Photo 南アフリカ共和国初の黒人大統領"ネルソン・マンデラ"20余年の収監の間、専属看守となった男の実話。 なかなか味わいのあるヒューマンドラマです。原題は「GOODBYE BAFANA」。意味は、作品を最後まで観ると解ります。

 その生い立ちから、コーサ語(南アの黒人が話す言葉)が理解できることで、政治犯マンデラ一派の言動を監視するための専属看守となったグレゴリー(ジョセフ・ファインズ)は、それまでのうだつの上がらない暮らしから出世への足がかりを得たと思い、家族と共に移り住んだロベン島の刑務所で、使命感に燃え、収監者達の企てを見抜き、手柄を重ねて行きます。 しかし、マンデラと接することで、彼の人間性、思想に次第に傾倒していき、自身と家族の立場と仕事、マンデラ(デニス・ヘイスバート)への共鳴との板挟みに苦しむことになります。

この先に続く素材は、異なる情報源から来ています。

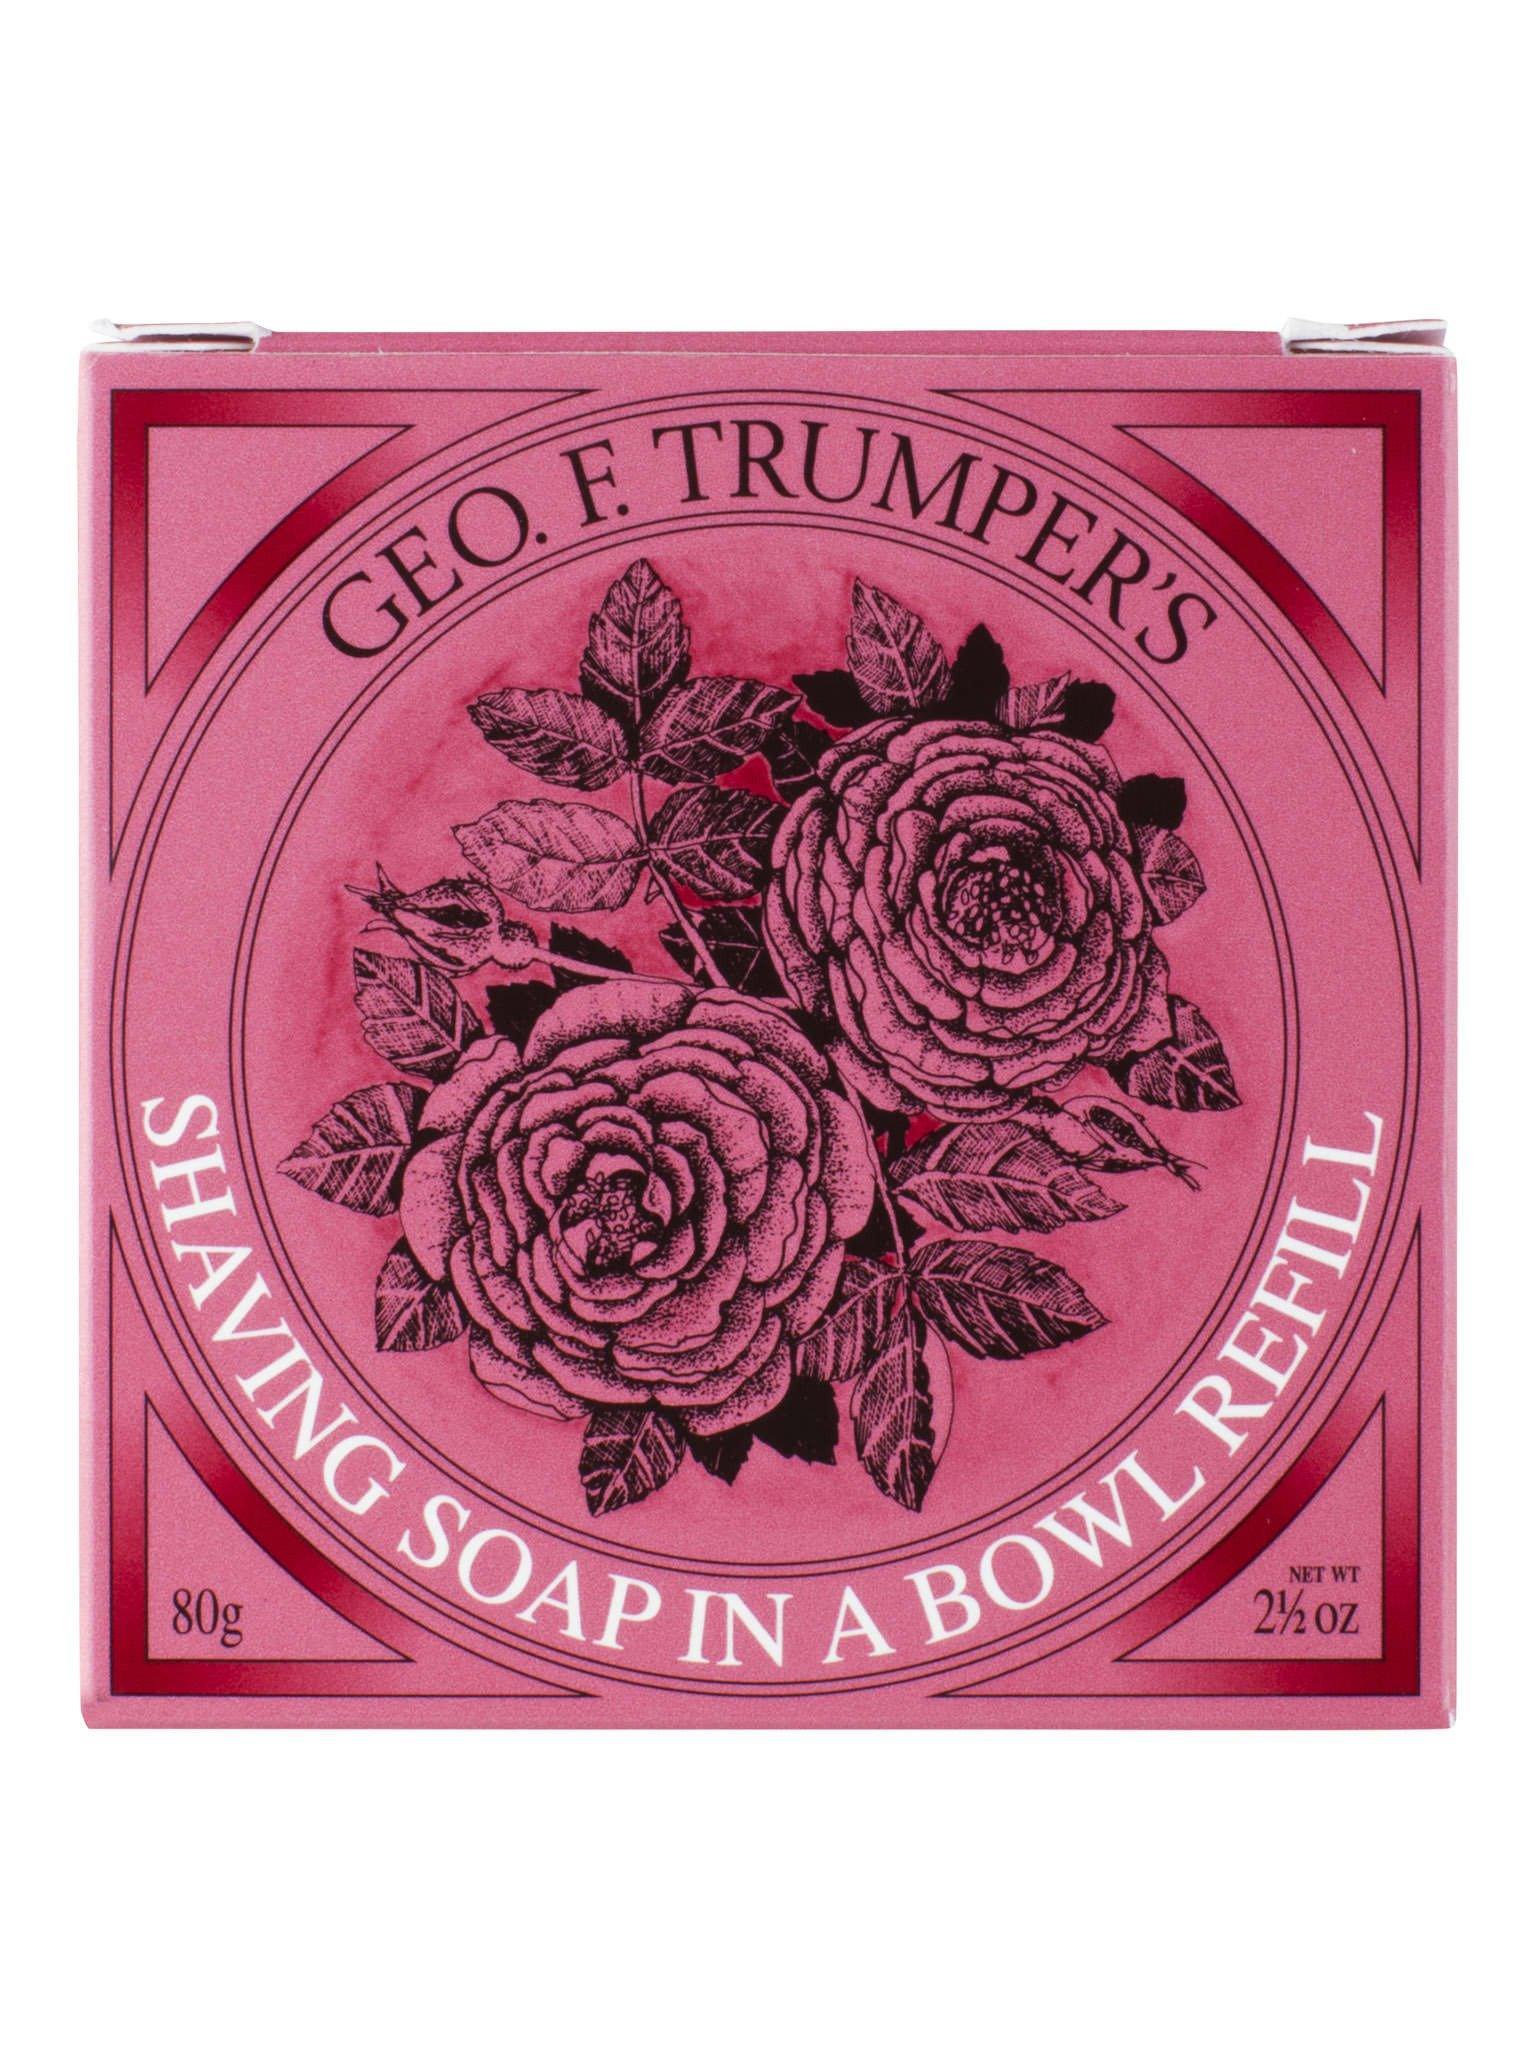 Geo F. Trumper barbersåpe refill - Rose

 実話が元になっているので、ネルソン・マンデラがその後どのような道を歩んだか、悪名高きアパルトヘイト政策がどうなったかは周知の事ですが、本人の伝記ではなく、相反する思想を持った平凡な人間が感化され、変化していく様を描くことで、間接的に彼の偉大さを語るという手法が秀逸だと思いました。

 ストーリー中、グレゴリーが閲覧禁止文書として保管されている「自由憲章」を盗み出すシーンや、胸ポケットに忍ばせているシーンなどはちょっとしたサスペンス仕立てで、面白いアクセントになっています。 また、奇しくも、囚人と看守が共に息子を失うという悲劇で結びつくのですが、どちらも交通事故死という直接原因の裏に何かあるようなニュアンスが漂うあたりに同国の影の部分がちらついて、薄寒くなってしまいました。

 主な登場人物、マンデラ、グレゴリー、その妻役の3人が、見事な演技で作品の味わいとリアリティを深めています。 オススメです。

at 立川 CINEMA CITY


 <オマケ> 

 80年代半ば、英米のポップスターがアフリカの飢餓救済チャリティーで楽曲を発表していた頃、「SUNCITY」という同じようなレコードも世に出ました。 日本では前者ほど大きな話題にはなりませんでしたが、こちらは南アのアパルトヘイト政策に反対するミュージシャン達の共同製作作品でした。以下、YouTubeから、そのビデオ・クリップです。

 この映画をきっかけに、アパルトヘイトのことを少し調べ直してみましたが、その終焉には、東西冷戦終結による国際情勢の変化が多分にあったらしく、単に人道的な必然だけでは無いようで、寂しい思いがしますが、冷たい現実とはそんなものかもしれません。 少なくとも、これから同じような差別が復活することだけは無いよう願うばかりです。